Inflammation is now recognized to be important in the pathogenesis of many types of malignancies. For example, even with close surveillance and appropriate treatment of inflammatory bowel disease (IBD), the risk of colorectal cancer in the setting of ulcerative colitis remains substantial. Given its important role in mediating inflammatory signals, attention has been focused on the role of NF-κB and its upstream activator, IKKβ, in mediating the link between inflammation and cancer. NF-κB plays a central role in the activation of numerous proinflammatory cytokines in multiple cell types, including macrophages, T cells, and epithelial cells. Through conditional deletions of IKKβ, NF-κB has been shown to play a procarcinogenic role principally in immune (myeloid) cells but also in epithelial cells (Greten et al., 2004; Maeda et al., 2005).

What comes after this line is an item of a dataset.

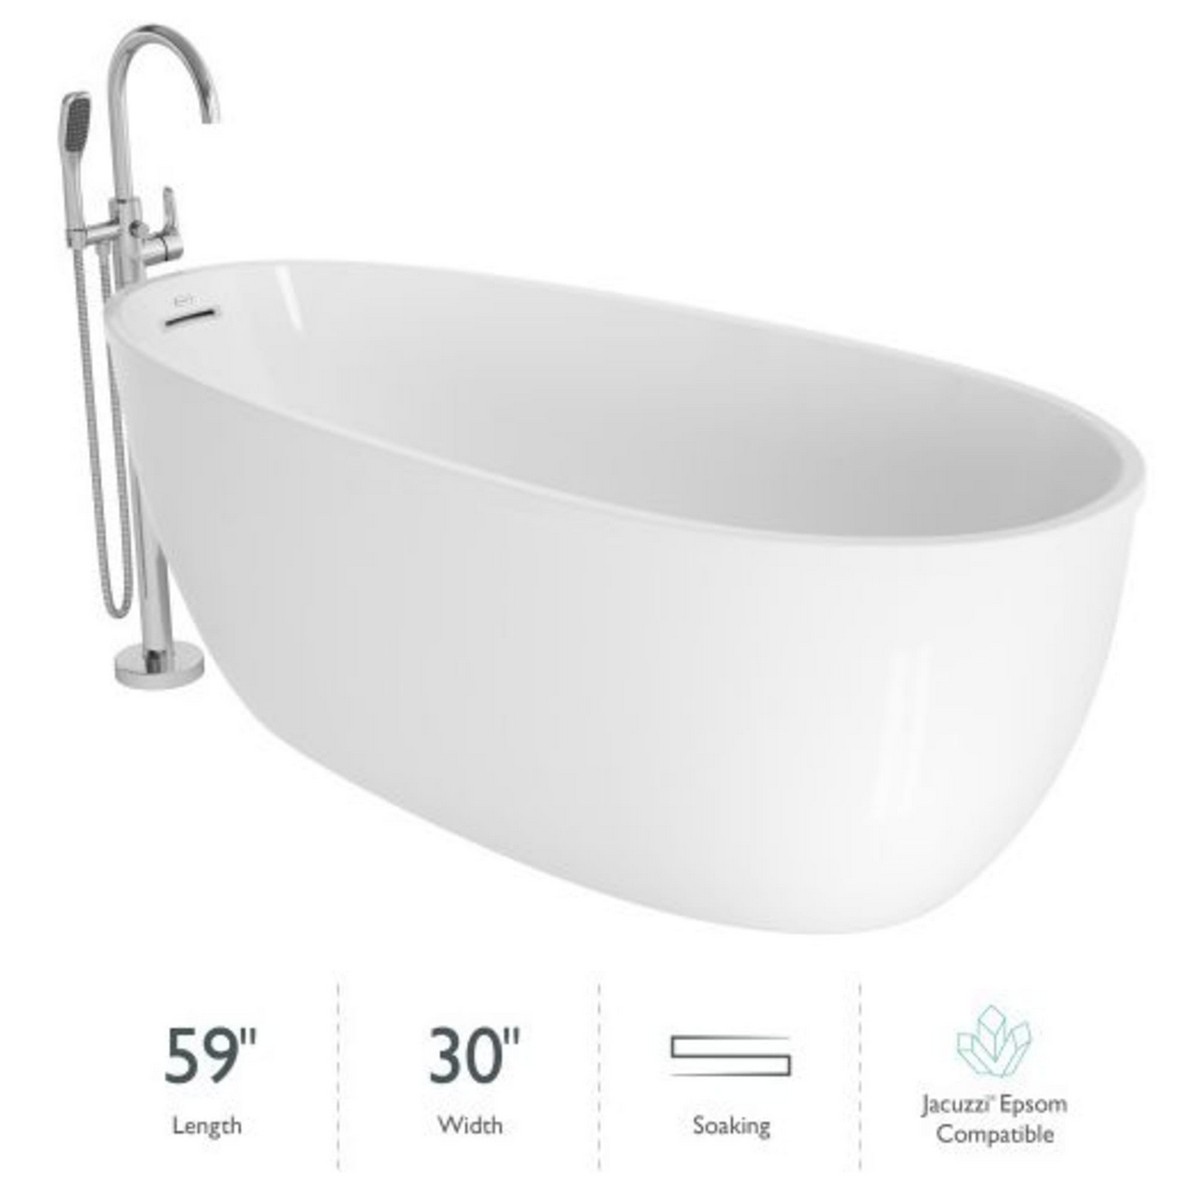 JACUZZI OS5930BUXXXXG SIGNATURE 59 1/4 X 29 3/4 INCH FREESTANDING ACRYLIC SOAKING BATHTUB WITH FREESTANDING TUB FILLER AND HAND SHOWER

Given its tight link to NF-κB, IL-6 was an early candidate for the myeloid-derived factor that could promote tumorigenesis. Human patients with colon cancer were known to have elevated levels of IL-6. Michael Karin’s group drew attention to the elevated levels of IL-6 in murine models (azoxymethane plus dextran sodium sulfate [AOM + DSS]) of colitis-associated cancer (CAC) (Greten et al., 2004) and later reported that the gender bias in liver cancer susceptibility could be largely explained by the higher serum levels of IL-6 exhibited by males (Naugler et al., 2007).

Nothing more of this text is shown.